Coronavirus Pandemic: Warriors' Stephen Curry hosts COVID-19 Q&A with Dr. Anthony Fauci on Instagram

SAN FRANCISCO (KGO) -- It's been more than two weeks since the NBA canceled all games for the season. In the meantime, Warriors star Stephen Curry is doing what he can to raise awareness about coronavirus.

On Thursday, he held an Instagram live chat with National Institute of Allergy and Infectious Diseases Director Dr. Anthony Fauci.

Fauci is the director of the National Institute of Allergy and Infectious Diseases. He has advised six presidents on the AIDS epidemic and other emerging diseases such as ebola and zika.

Curry asked Dr. Fauci when he believes life might start getting back to normal, including large sporting events. Dr. Fauci didn't give an exact timeline.

"What you need, is you need to see the trajectory of the curve to start to go down," Dr. Fauci said, referring to flattening the curve and number of coronavirus cases.

CORONAVIRUS MAP: Updated number of COVID-19 cases, deaths in San Francisco Bay Area

"We've seen that in China, they went up and down, they're starting to get back to some normal life," he continued. "Korea is doing that. They're starting to come back down."

Dr. Fauci said places like Europe, particularly in Italy, are still going way up. He said in the United States it depends on the region, and that "you treat New York City a little different than you treat Nebraska."

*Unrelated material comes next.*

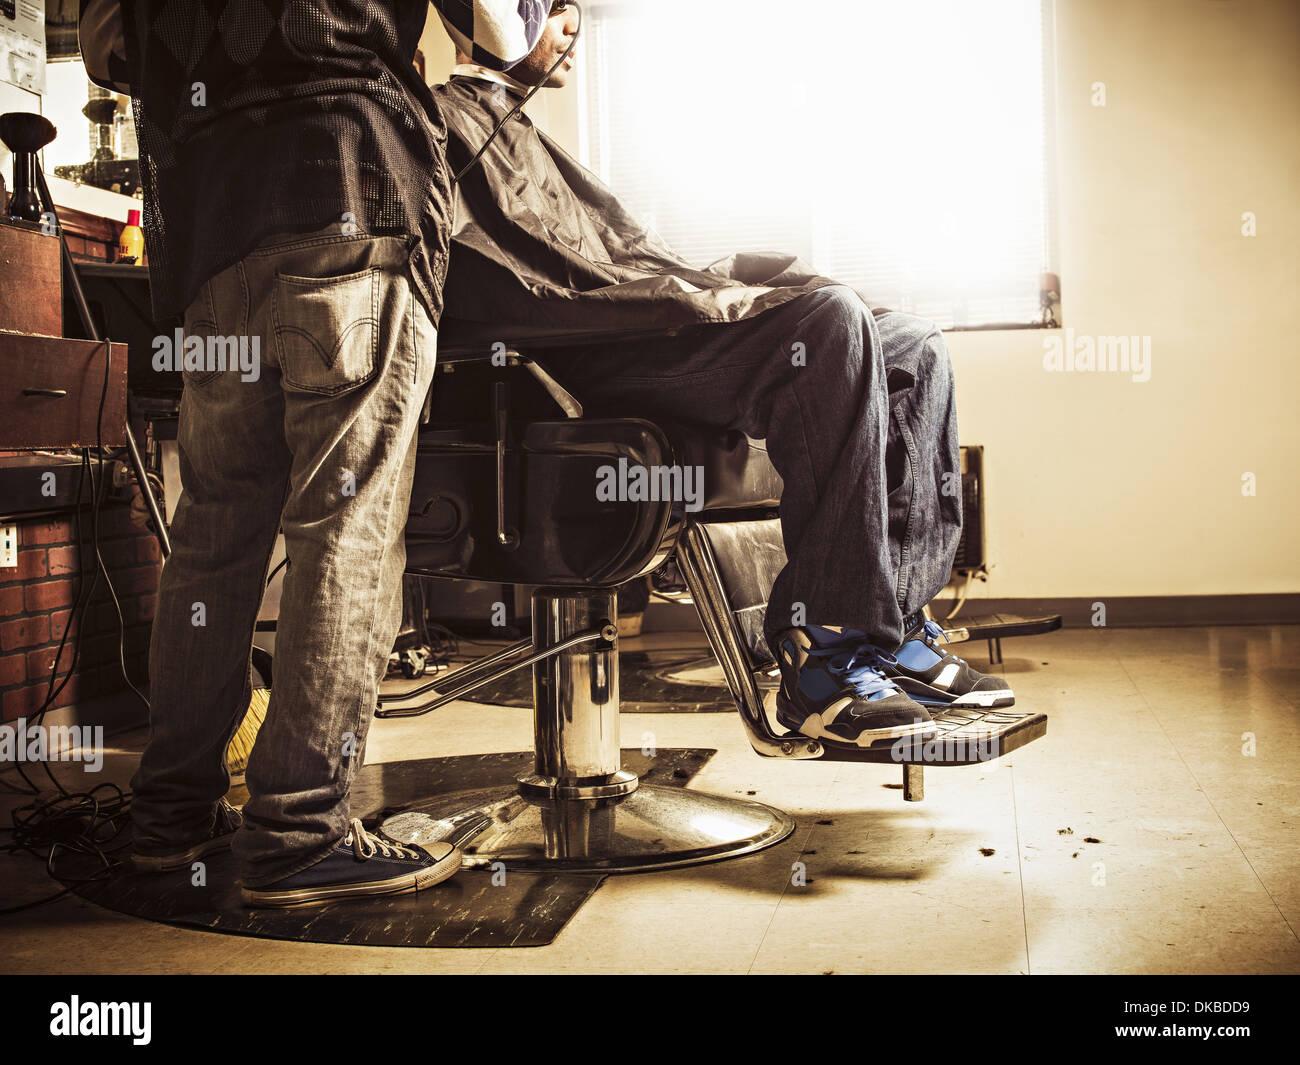 Barber in traditional barber shop shaving man's head - Stock Image

"Like, New York City right now is having a terrible time and yet there are places in the country that are doing quite well," Dr. Fauci explained. "You could probably identify people, contact trace, and get them out of circulation."

"So a direct answer to your question," he continued. "We can start thinking about getting back to some degree of normality when the country as a whole has turned that corner and starts coming down."

Curry said he was inspired to host the Instagram Live with Dr. Fauci after seeing images of young people partying on beaches and hanging out in parks.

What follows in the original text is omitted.